**Exercise objective:** When you transcribe the listing that follows, keep every line exact and skip any picture.

**Given information:**
========
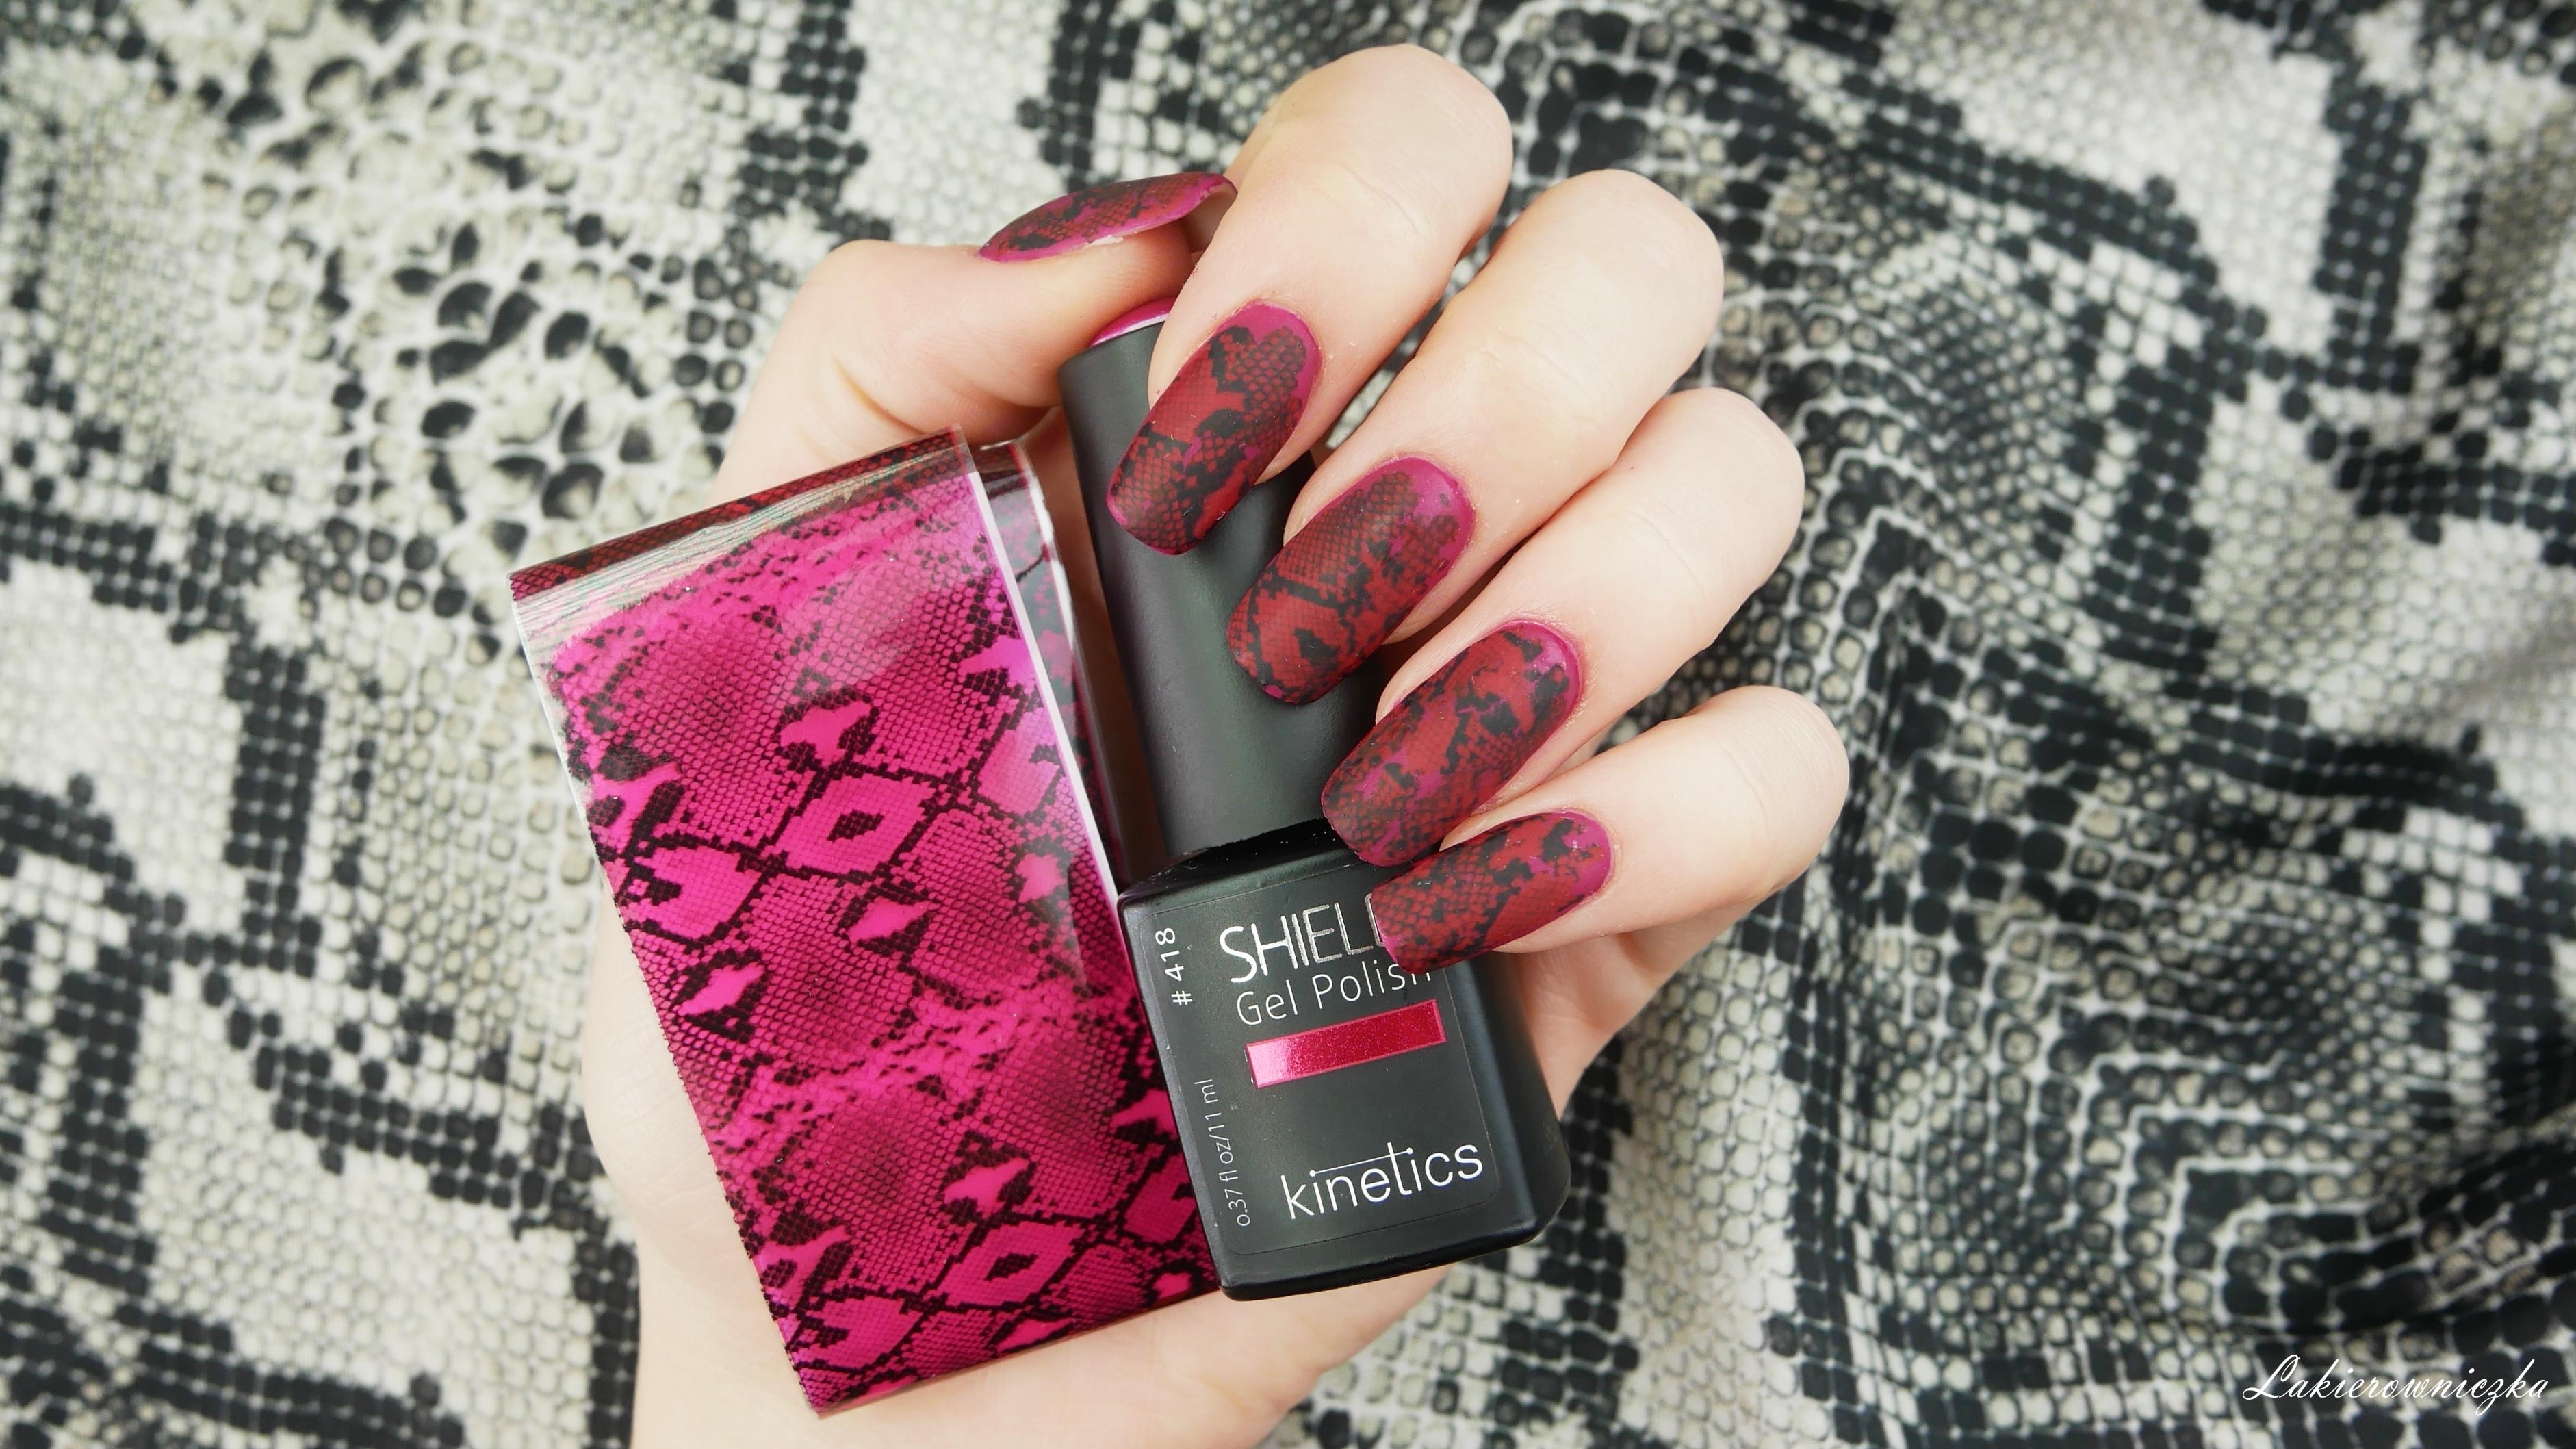 paznokcie-w-wzor-wezowej-skorki-wezowe-paznokcie-snake-skin-nails-Lakierowniczka-kinetics-mirror-like-red-folia-transferowa
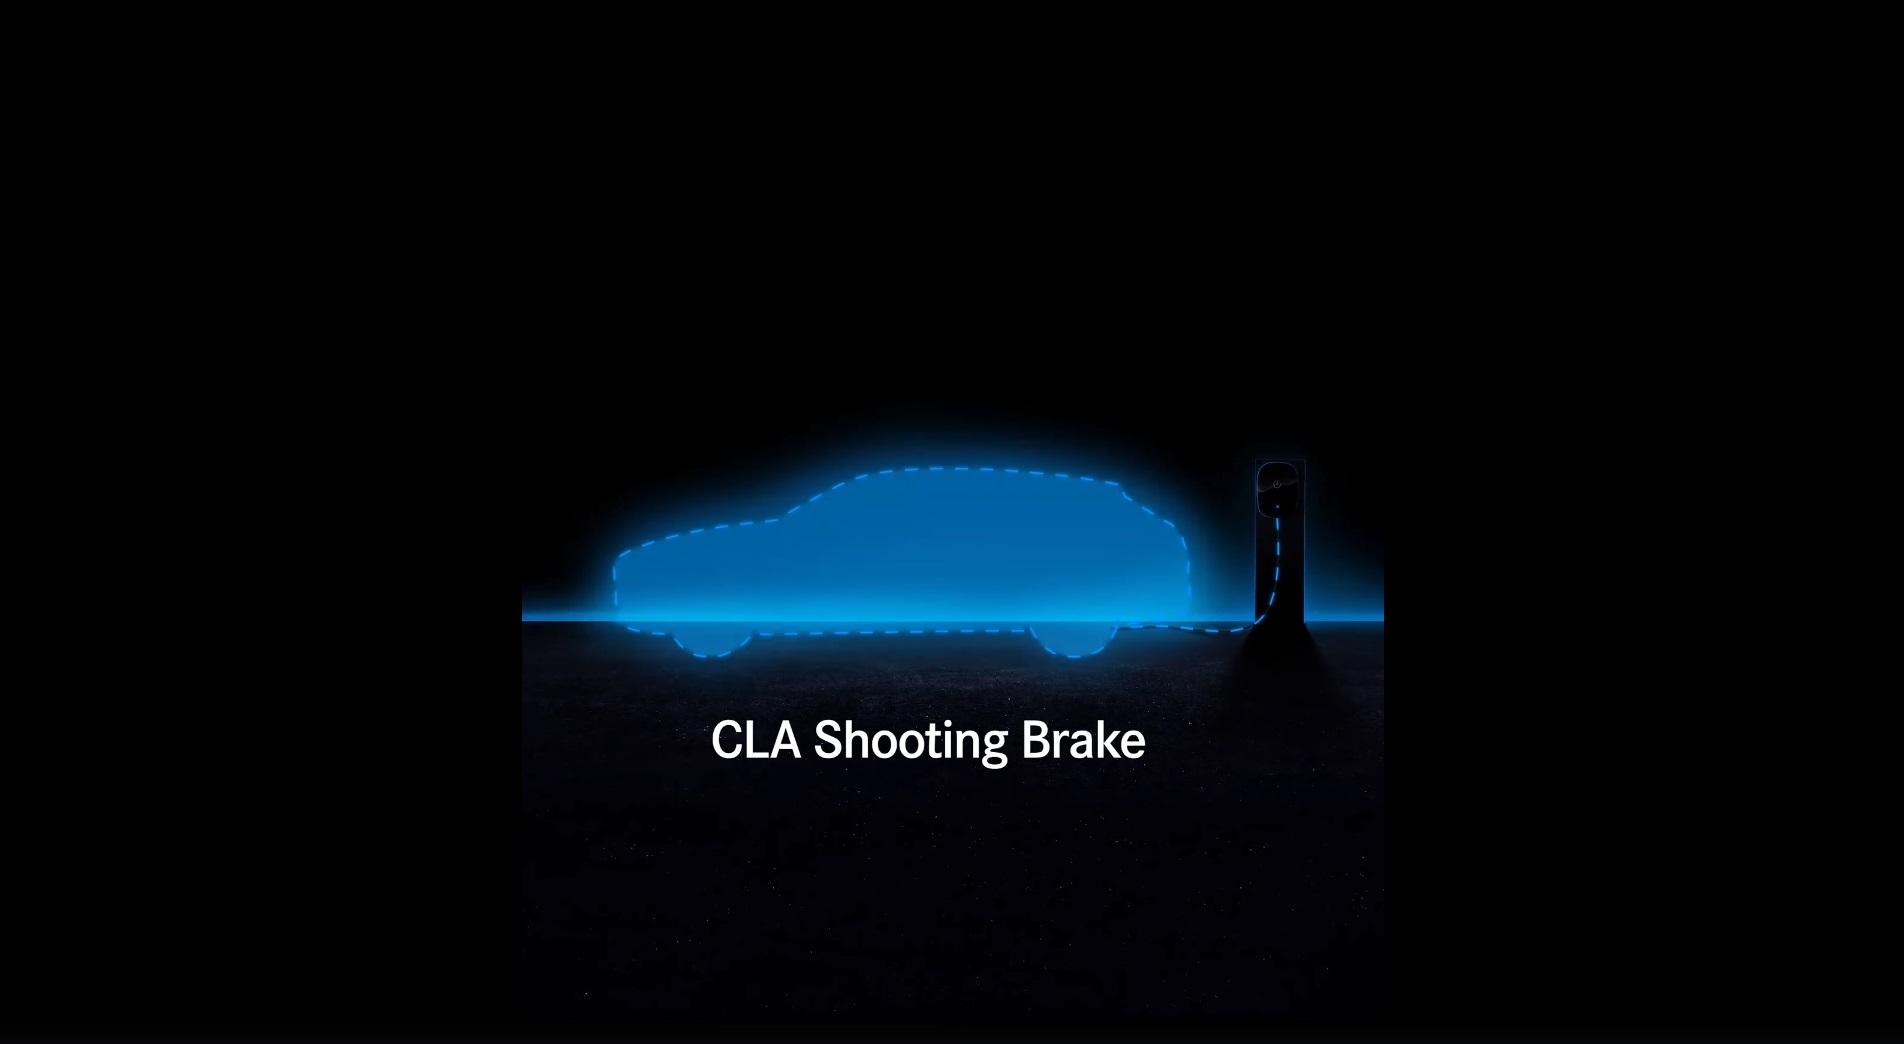 2020 Mercedes Benz Cla 250e Shooting Brake
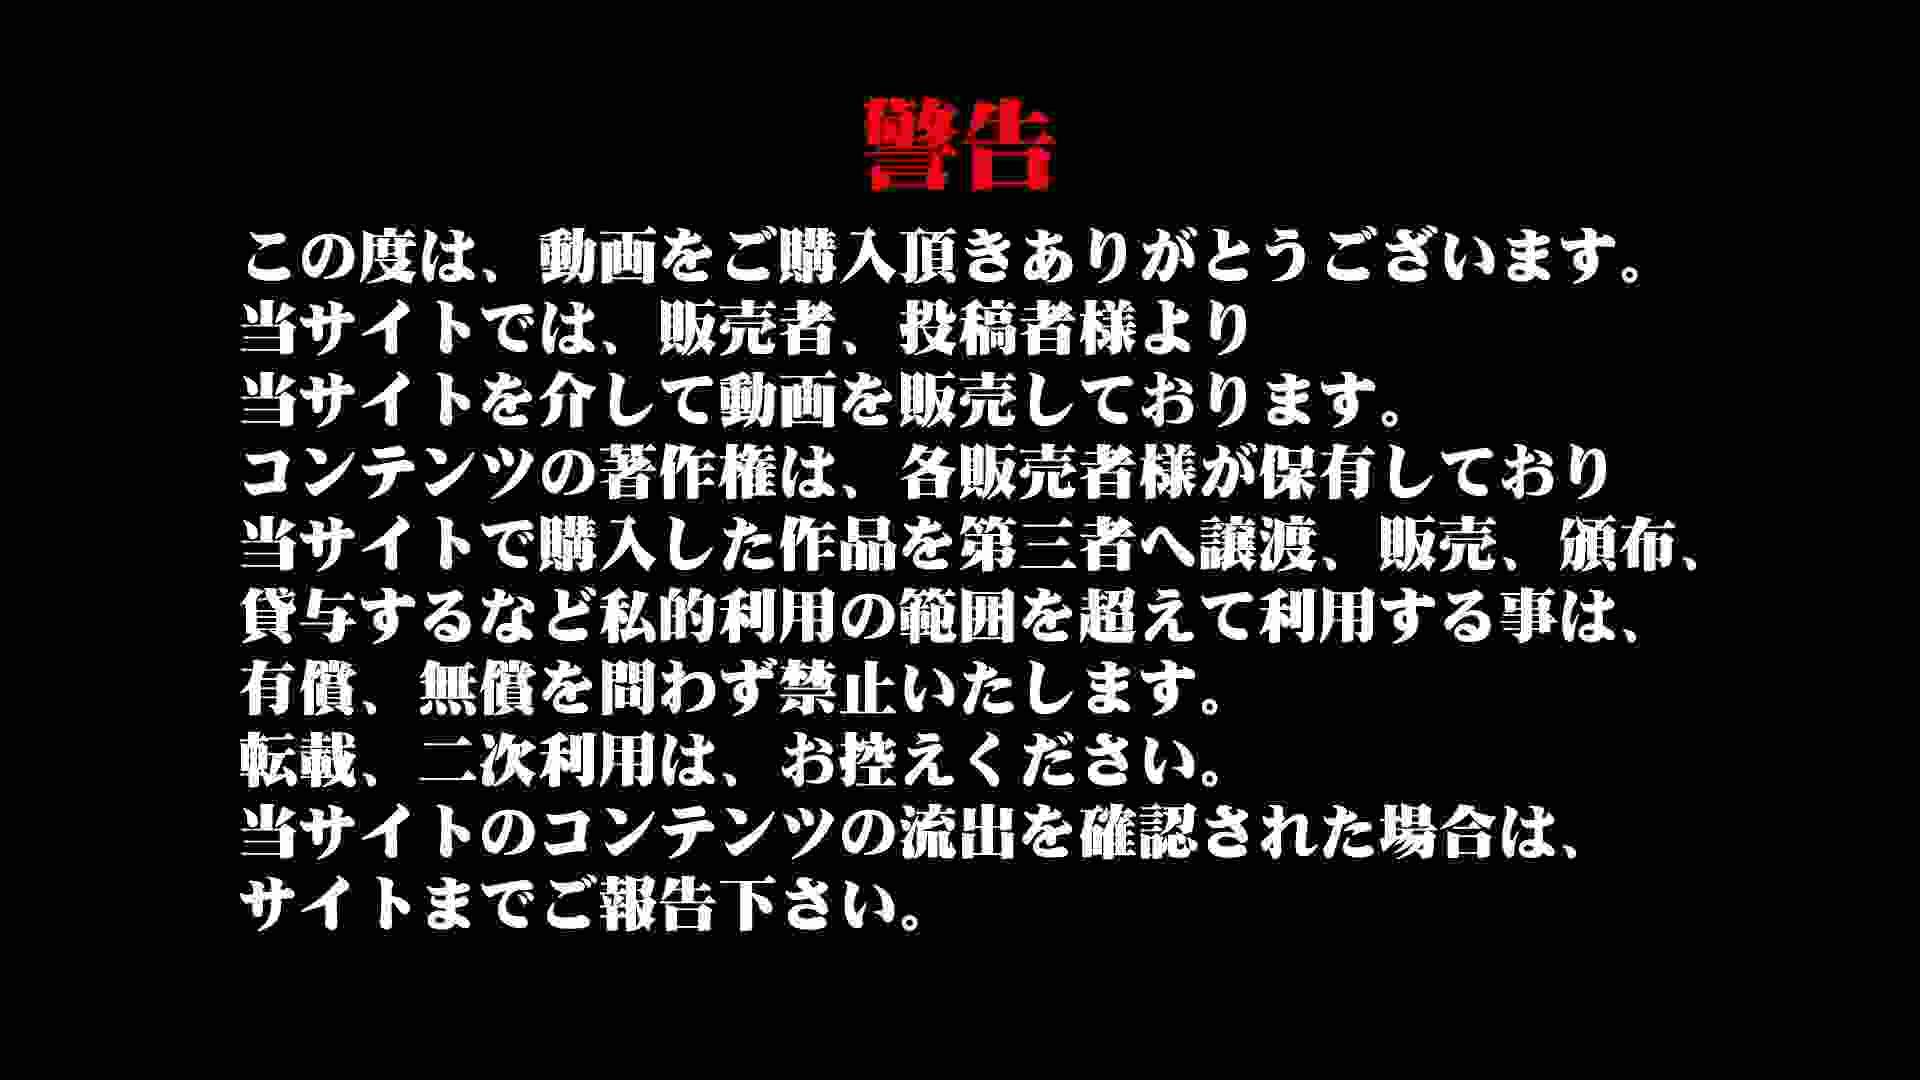 Aquaな露天風呂Vol.908 OLのエロ生活  28連発 6
========
**Exercise output:**
 paznokcie-w-wzor-wezowej-skorki-wezowe-paznokcie-snake-skin-nails-Lakierowniczka-kinetics-mirror-like-red-folia-transferowa
 2020 Mercedes Benz Cla 250e Shooting Brake
 Aquaな露天風呂Vol.908 OLのエロ生活  28連発 6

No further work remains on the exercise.